• _INSTRUCTIONS FOR THE TASK_
Collect all lines from the records below that include the word "avec".

[Stored data]
○ ○ ○ ○ ○

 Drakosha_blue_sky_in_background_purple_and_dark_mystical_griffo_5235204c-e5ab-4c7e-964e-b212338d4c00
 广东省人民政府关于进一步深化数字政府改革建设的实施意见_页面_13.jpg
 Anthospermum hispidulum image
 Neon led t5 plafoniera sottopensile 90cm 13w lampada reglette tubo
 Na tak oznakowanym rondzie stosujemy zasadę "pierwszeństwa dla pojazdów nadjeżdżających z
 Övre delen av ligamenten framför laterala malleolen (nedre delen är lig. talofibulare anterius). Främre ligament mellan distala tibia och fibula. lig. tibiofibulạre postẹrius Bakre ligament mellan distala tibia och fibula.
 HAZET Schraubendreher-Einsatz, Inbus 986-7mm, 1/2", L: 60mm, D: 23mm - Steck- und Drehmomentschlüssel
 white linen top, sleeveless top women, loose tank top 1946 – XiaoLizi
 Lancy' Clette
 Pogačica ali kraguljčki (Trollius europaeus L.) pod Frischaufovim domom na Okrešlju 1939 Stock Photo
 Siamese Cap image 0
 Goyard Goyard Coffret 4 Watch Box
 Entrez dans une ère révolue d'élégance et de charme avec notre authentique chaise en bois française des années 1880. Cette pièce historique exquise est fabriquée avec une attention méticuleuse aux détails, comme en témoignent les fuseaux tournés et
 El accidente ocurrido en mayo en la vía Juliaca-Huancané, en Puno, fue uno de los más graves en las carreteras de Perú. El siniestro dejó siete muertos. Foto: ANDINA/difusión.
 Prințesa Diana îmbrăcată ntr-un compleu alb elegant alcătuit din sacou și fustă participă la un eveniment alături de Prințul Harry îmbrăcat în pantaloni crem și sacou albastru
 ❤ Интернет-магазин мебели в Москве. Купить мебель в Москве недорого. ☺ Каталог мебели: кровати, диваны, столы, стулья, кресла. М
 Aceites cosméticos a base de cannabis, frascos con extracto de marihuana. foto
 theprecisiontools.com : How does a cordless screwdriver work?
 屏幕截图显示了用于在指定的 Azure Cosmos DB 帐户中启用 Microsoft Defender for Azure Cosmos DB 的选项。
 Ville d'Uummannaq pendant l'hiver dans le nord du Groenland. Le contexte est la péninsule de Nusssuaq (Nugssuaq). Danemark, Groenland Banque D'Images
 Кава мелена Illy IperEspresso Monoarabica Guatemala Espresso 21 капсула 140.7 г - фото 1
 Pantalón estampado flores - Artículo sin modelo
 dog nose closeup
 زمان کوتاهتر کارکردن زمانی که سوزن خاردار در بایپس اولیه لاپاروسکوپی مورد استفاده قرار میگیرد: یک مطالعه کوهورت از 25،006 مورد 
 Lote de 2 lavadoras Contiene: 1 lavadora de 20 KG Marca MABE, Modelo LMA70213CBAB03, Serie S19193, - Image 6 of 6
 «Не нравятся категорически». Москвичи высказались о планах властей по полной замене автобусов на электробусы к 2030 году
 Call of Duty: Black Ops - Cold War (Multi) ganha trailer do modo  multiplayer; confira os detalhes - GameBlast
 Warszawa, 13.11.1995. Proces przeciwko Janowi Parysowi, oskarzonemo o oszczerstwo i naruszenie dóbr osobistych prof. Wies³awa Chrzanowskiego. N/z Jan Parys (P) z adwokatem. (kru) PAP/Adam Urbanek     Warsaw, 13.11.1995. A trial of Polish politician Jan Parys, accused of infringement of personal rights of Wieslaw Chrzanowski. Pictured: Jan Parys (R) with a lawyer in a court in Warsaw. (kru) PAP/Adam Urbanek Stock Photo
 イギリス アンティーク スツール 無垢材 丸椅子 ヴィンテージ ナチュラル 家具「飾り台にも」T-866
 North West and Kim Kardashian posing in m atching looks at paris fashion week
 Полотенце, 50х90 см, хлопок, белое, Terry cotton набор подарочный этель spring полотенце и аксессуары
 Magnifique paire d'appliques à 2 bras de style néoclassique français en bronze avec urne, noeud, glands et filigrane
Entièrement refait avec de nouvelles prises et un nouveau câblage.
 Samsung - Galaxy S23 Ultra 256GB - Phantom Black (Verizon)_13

○ ○ ○ ○ ○

• _SOLVED PROBLEM_
 Entrez dans une ère révolue d'élégance et de charme avec notre authentique chaise en bois française des années 1880. Cette pièce historique exquise est fabriquée avec une attention méticuleuse aux détails, comme en témoignent les fuseaux tournés et
 Magnifique paire d'appliques à 2 bras de style néoclassique français en bronze avec urne, noeud, glands et filigrane
Entièrement refait avec de nouvelles prises et un nouveau câblage.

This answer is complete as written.